PROVIDED DATA Block Start

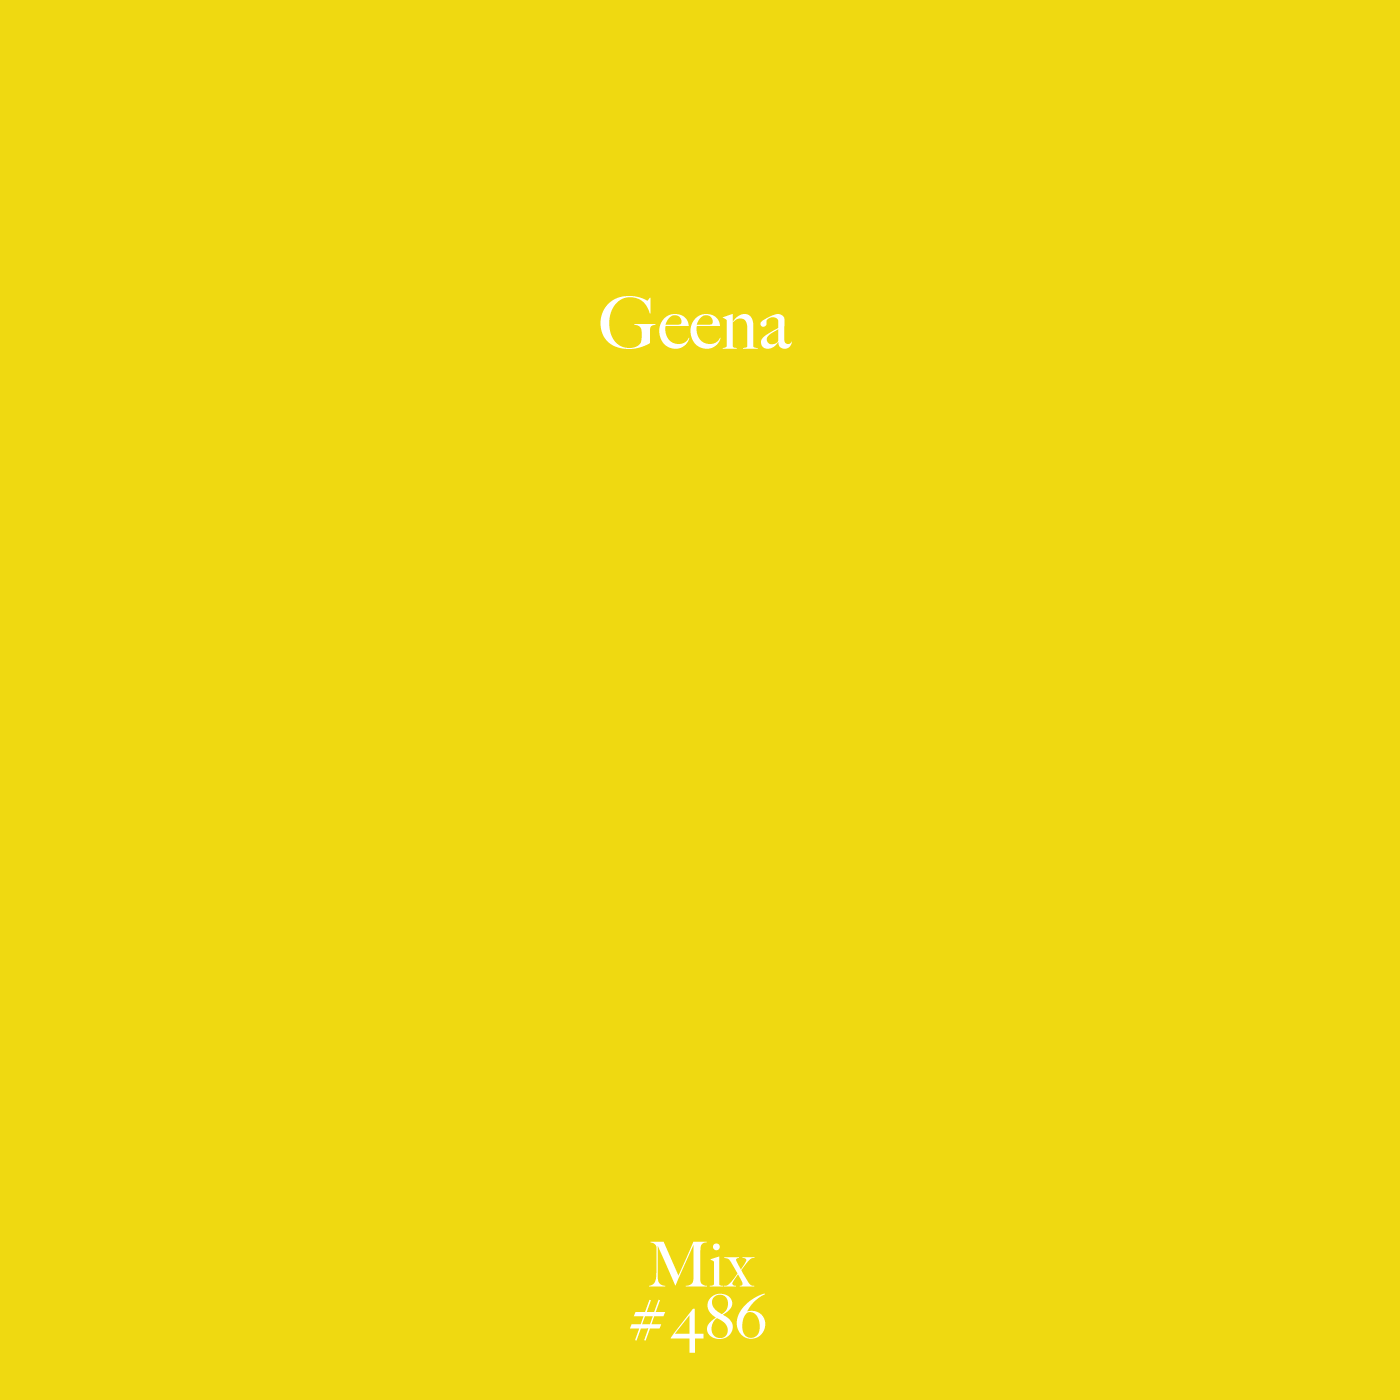 Geena, Worldwide Zen, Mix, Test Pressing, House, Dub, Styles
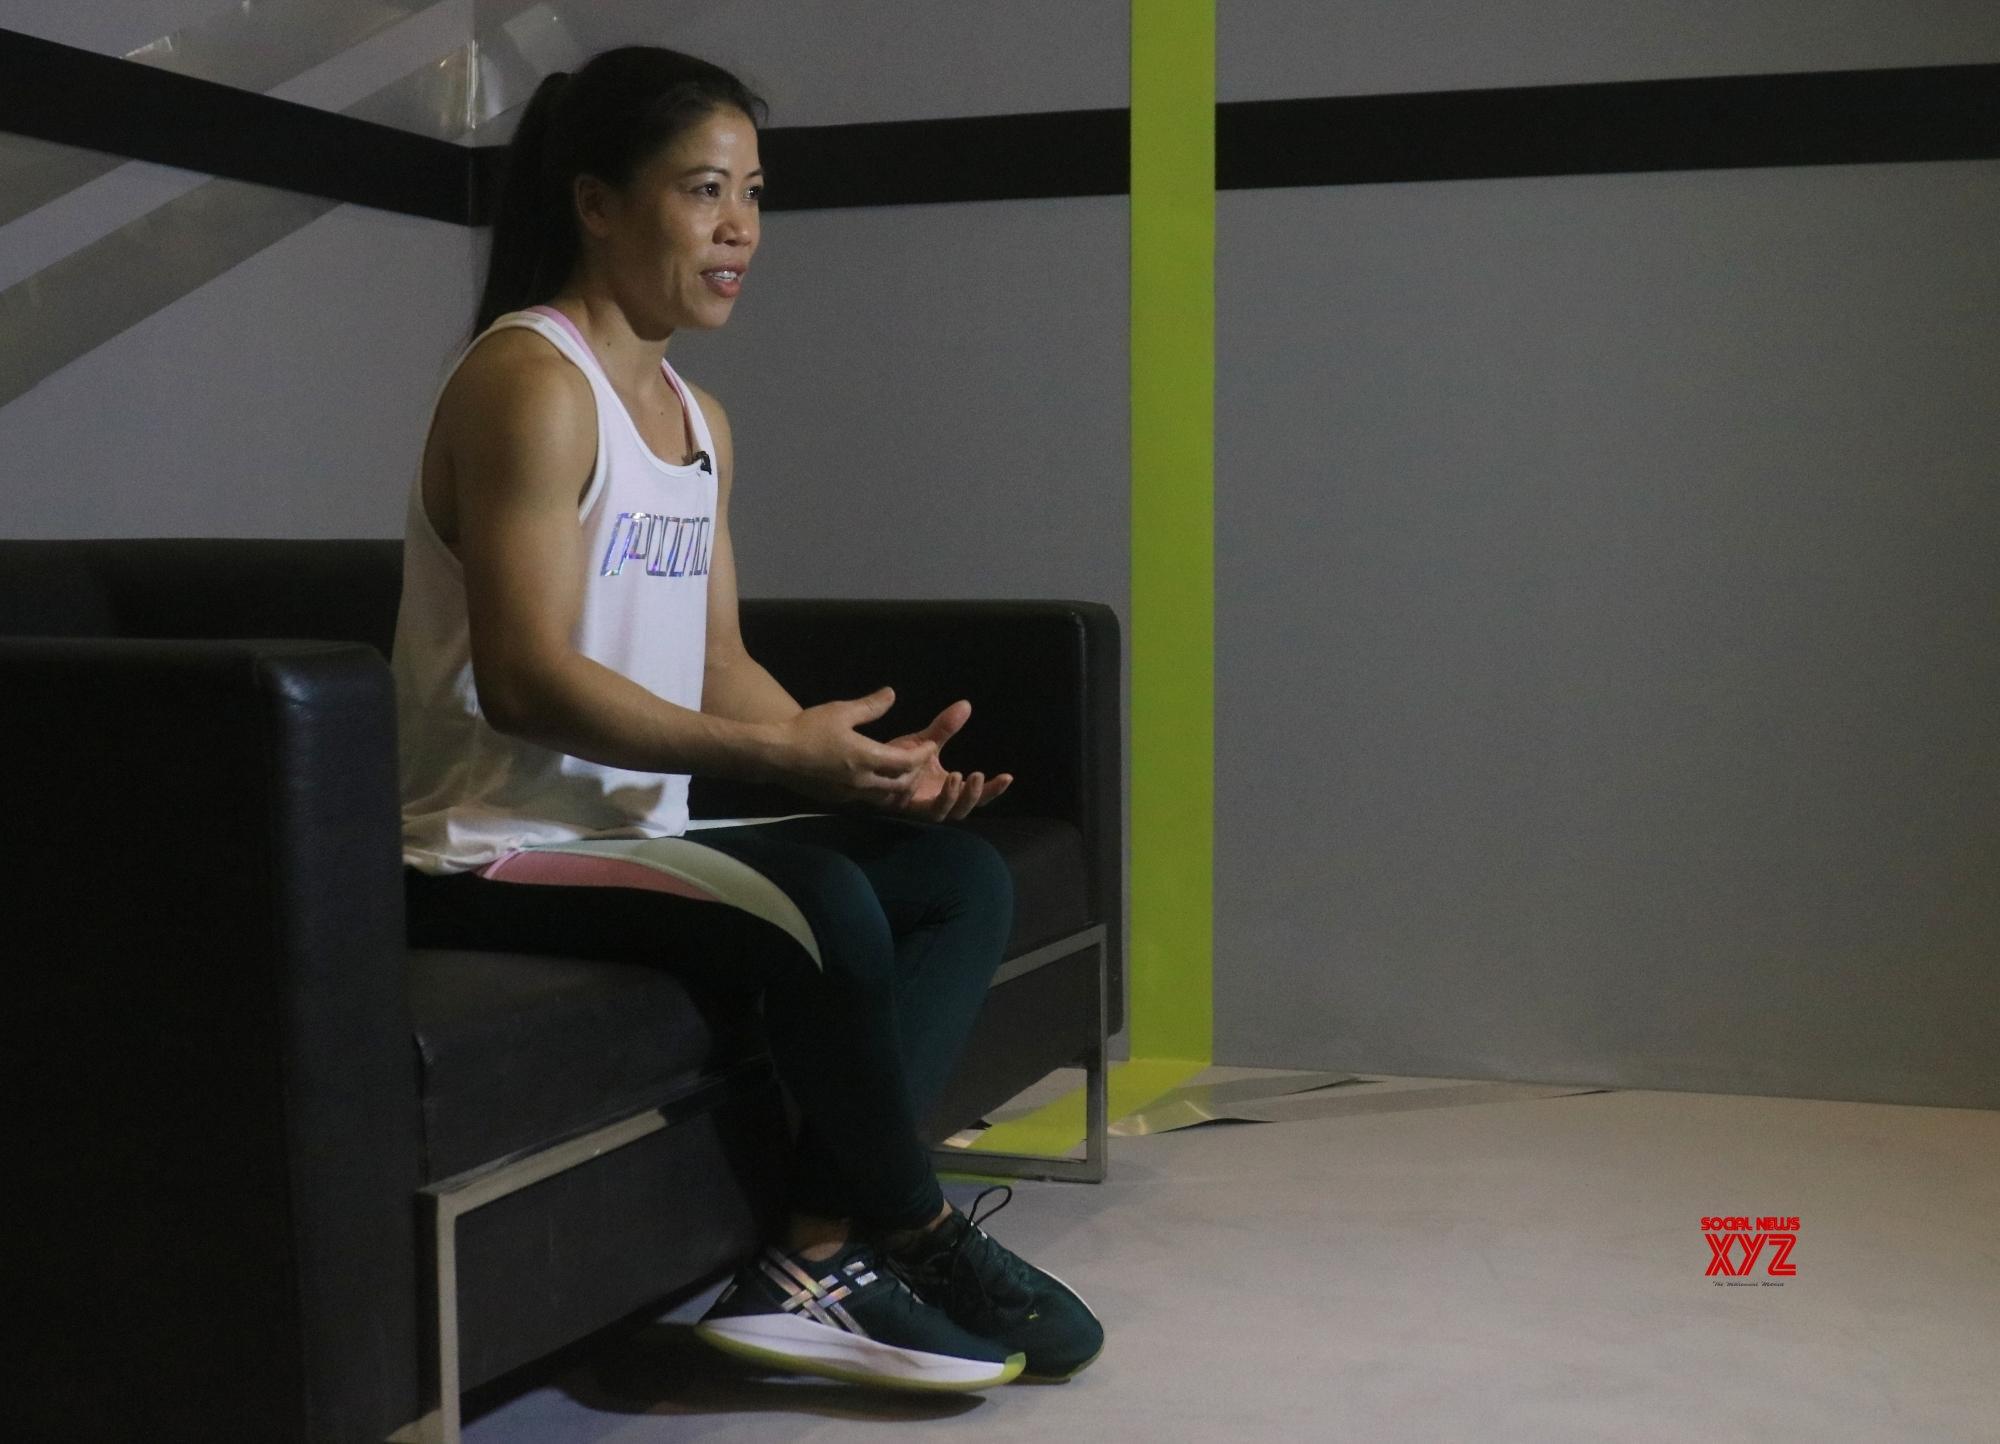 New Delhi: MC Mary Kom during a photo shoot #Gallery
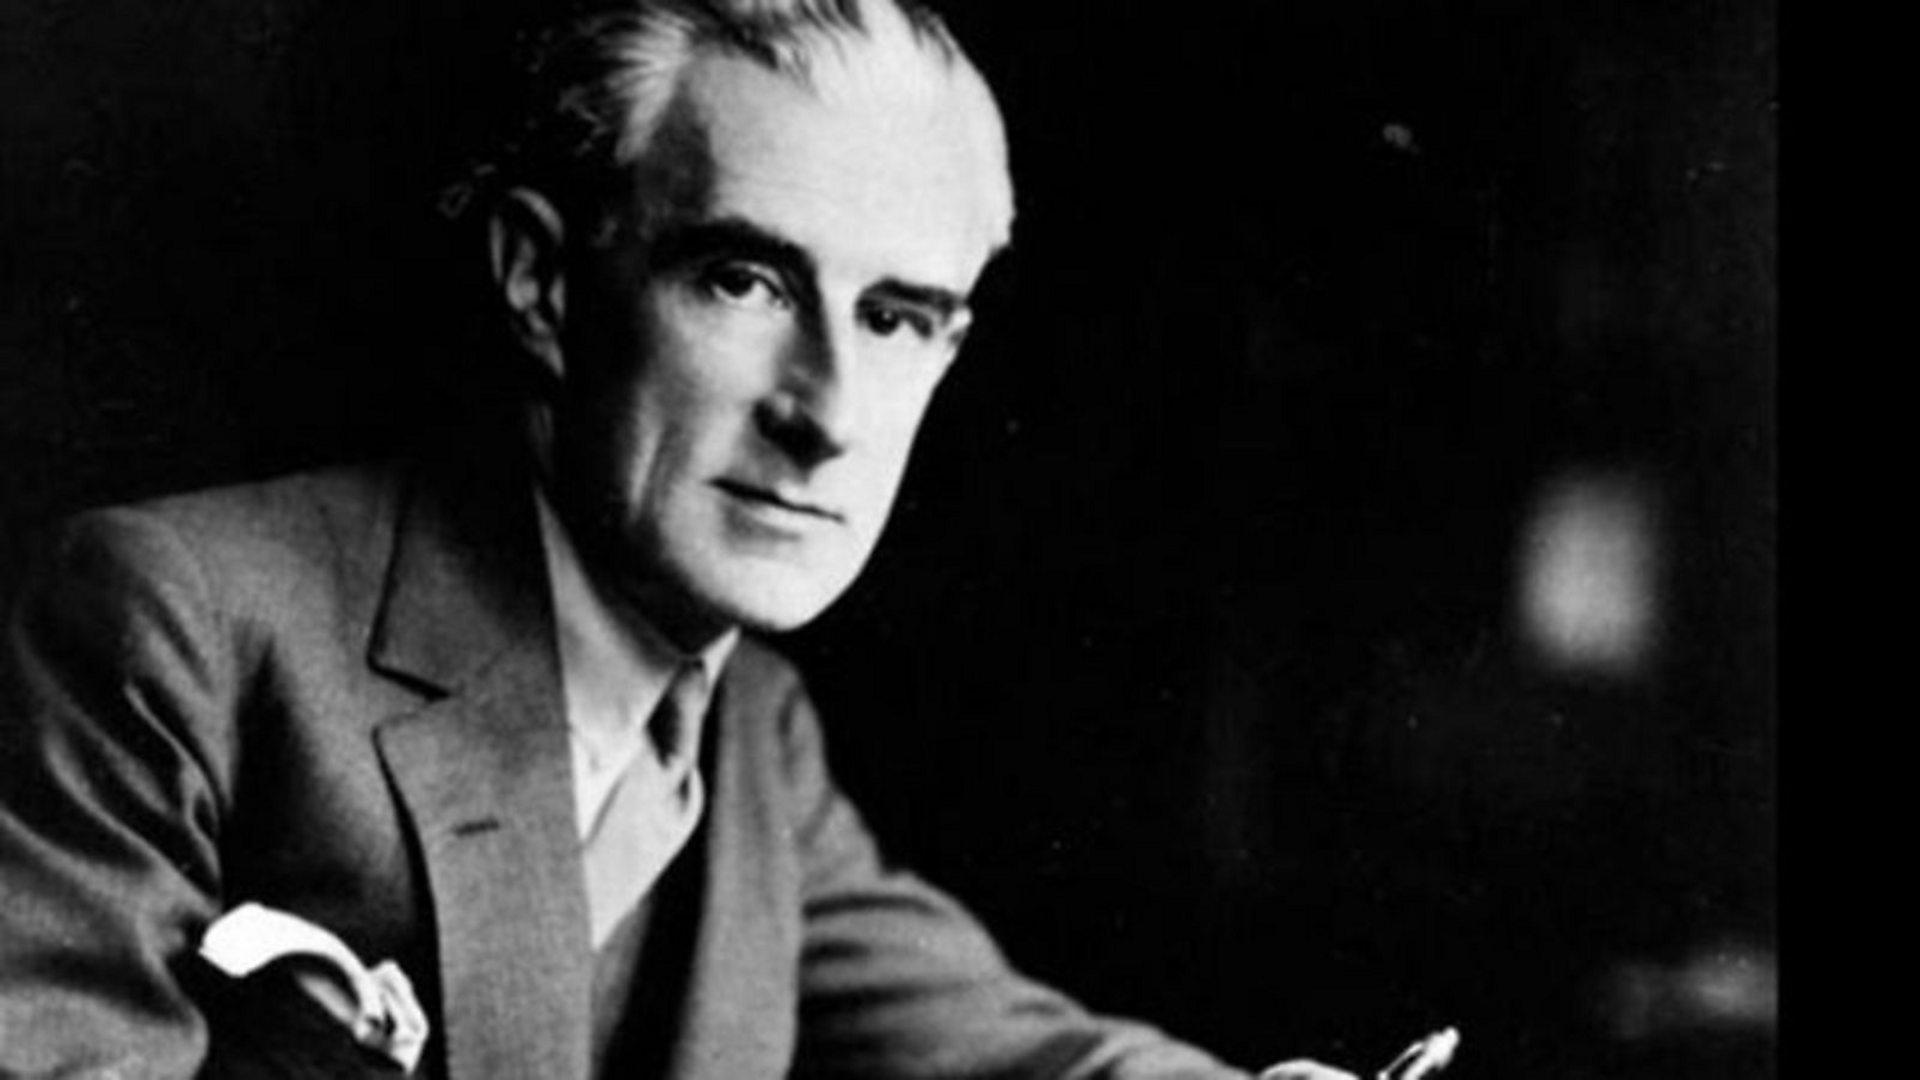 BBC Radio 3 - Composer of the Week, Maurice Ravel (1875-1937), Maurice Ravel
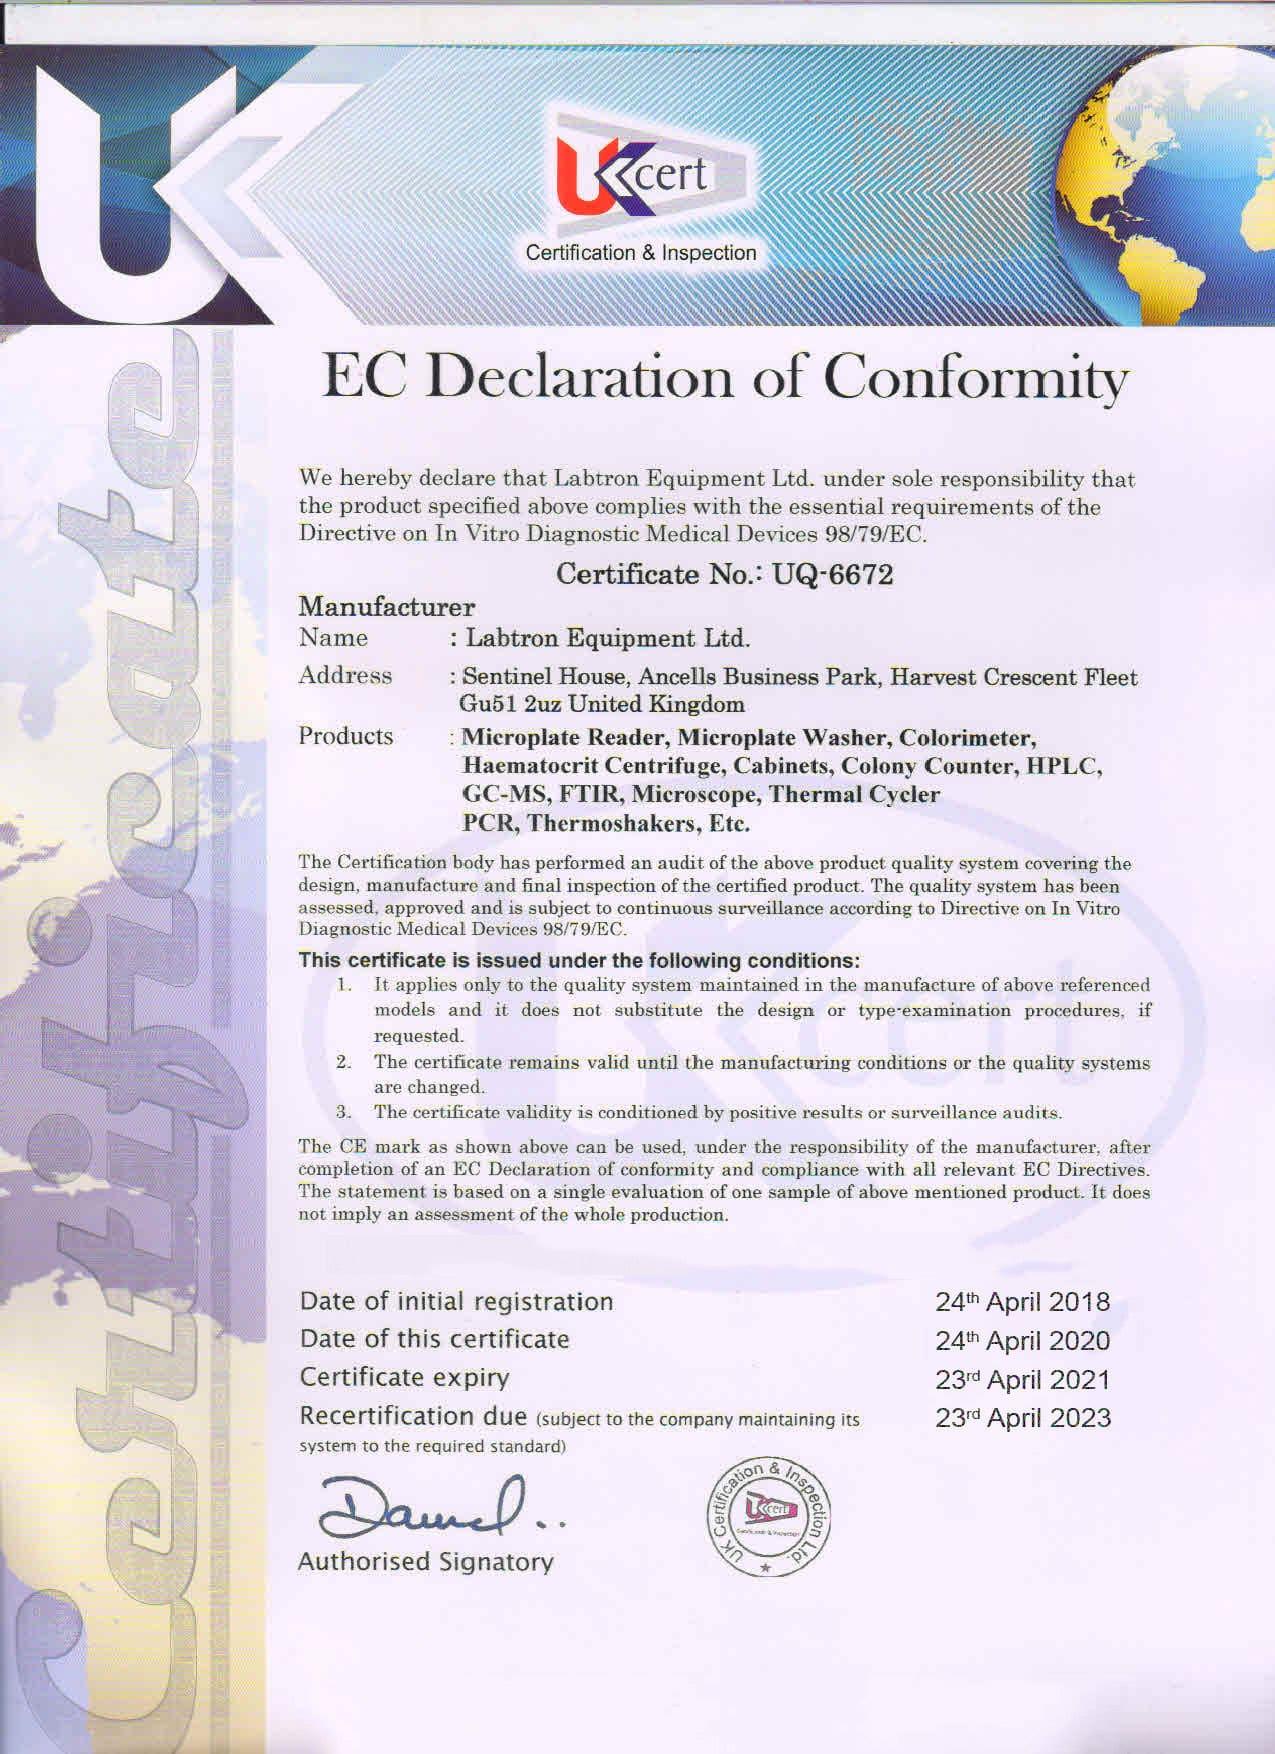 Labtron Equipment Ltd. EC Declaration of Conformity : Labtron Certification

PROVIDED DATA Block End

**WHAT IS EXPECTED:**
Wherever a picture appears, omit it; copy the rest of the data exactly.

**ANSWER BOX:**
 Geena, Worldwide Zen, Mix, Test Pressing, House, Dub, Styles
 New Delhi: MC Mary Kom during a photo shoot #Gallery
 BBC Radio 3 - Composer of the Week, Maurice Ravel (1875-1937), Maurice Ravel
 Labtron Equipment Ltd. EC Declaration of Conformity : Labtron Certification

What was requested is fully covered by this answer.